Policy Decision Point: This is a logical component encompassing the other 2 main components of a ZTA: the Policy Engine and the Policy Administrator.
Policy Administrator: This is the component that handles all the session information, like the authentication token. It is also responsible of allowing or stopping the communication between the System and the Resource depending on the Policy Engines decision.
Policy Engine: This is the component that makes the ultimate access decision based on the policies defined by the enterprise. When the Policy Enforcement Point asks if a System is allowed to communicate to a resource, the Policy Administrator communicates with the Policy Engine. The Policy Engine makes a decision using multiple decision points (including external resources like Threat Intelligence) and the policy for the resource. The Policy Administrator will then execute the decision by creating the token for the sessions and other related things. If at any point the Policy Engine decides that the communication should be stopped, the Policy Administrator will revoke the validity of the token and the communication between the System and the Resource won’t be allowed anymore.
So, to summarize the flow, the Subject (user) using a System (computer) will try to connect to a Resource. To establish the connection, the System will ask access to the Policy Enforcement Point. The Policy Enforcement Point will ask how to proceed to the Policy Administrator which validates with the Policy Engine if the access should be allowed or denied. If access is granted, the Policy Administrator generated all the required information for the session to be authenticated and authorized and returns the session details to the Policy Enforcement Point which grants access to the System to the Resource.

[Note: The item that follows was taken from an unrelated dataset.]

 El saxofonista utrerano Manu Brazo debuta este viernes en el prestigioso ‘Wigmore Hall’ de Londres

How can we implement a ZTA
The previous section explains in an architectural concept how a ZTA can be implemented but it doesn’t explain how to actually install and use it. Because of the complexity of the architecture, I won’t go into the details on how this can be achieved, but I’ll direct you towards great resources.

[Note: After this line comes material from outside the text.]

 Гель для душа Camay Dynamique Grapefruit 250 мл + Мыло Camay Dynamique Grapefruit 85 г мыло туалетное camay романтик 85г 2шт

If you’re in a Windows environment, the best way is to follow the guidelines and steps provided by Microsoft: https://docs.microsoft.com/en-us/security/compass/privileged-access-strategy
If you’re in a Linux environment, there are some providers that can help implement this strategy, one of them being Okta: https://www.okta.com/resources/datasheet-advanced-server-access-a-zero-trust-approach-to-linux-and-windows-server-access-via-ssh-and-rdp/
What I think of the ZTA
Because of the current context with the COVID-19 and the fact that a lot of enterprises now have to support people working from home, the idea of a ZTA starts to get traction. Since I started reading about it I have seen more and more blog posts talking about it.
In an ideal world, everyone would implement a ZTA. That would make most enterprise really resilient to attacks and reduce the number of successful hacks we see weeks after weeks. But like it is for everyone, budgets are limited and technical human resources that can make these changes are scarce.

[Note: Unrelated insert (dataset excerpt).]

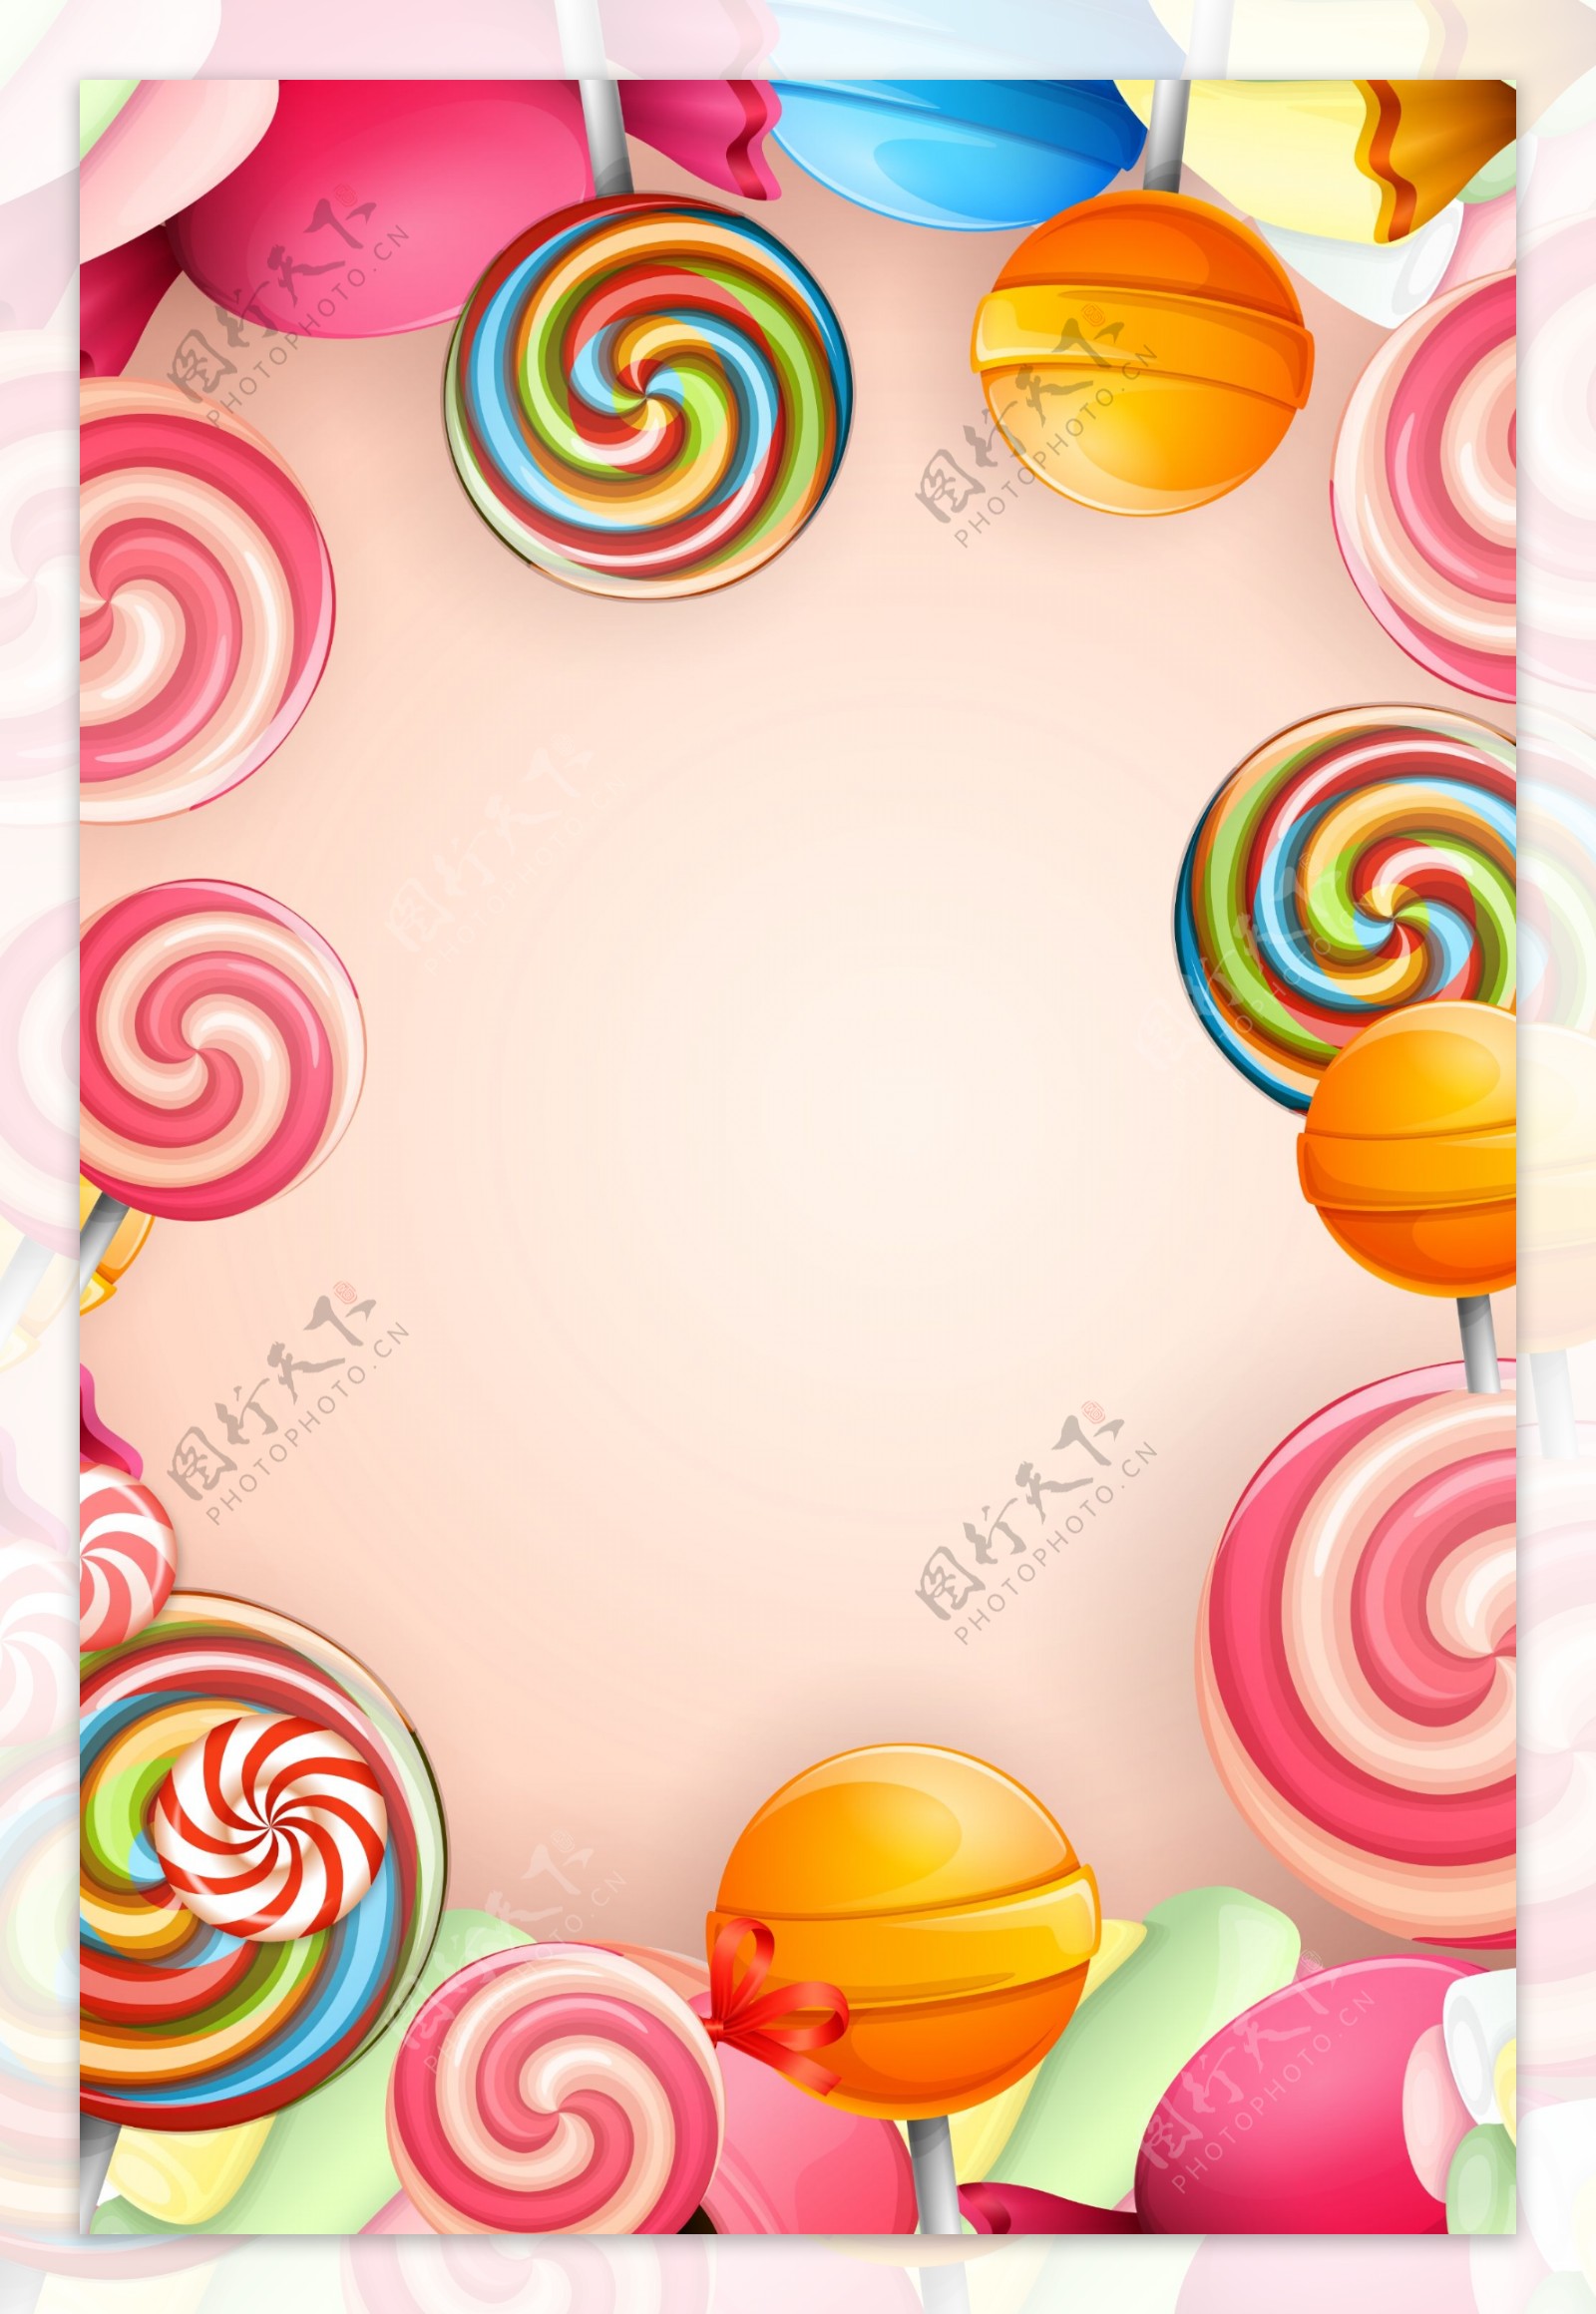 彩色棒棒糖新品海报背景素材

The main problem is that, like most secure features, it is not enabled by default. This implies that we need to assign a skilled resources fulltime for a significant amount of time on this project, slowing us on all the other important things we need to do.
If you go to the link for Microsoft Windows, you’ll quickly realize that this architecture is no simple task. And if you know Microsoft, you know everything won’t be perfectly documented and some feature won’t work like you think it should, meaning you’ll have to do some trial and error to make it work.
I think a ZTA should be applied to everyone, but because of the effort needed, it will be applied mostly by some medium and large enterprises that value Security as a core business need.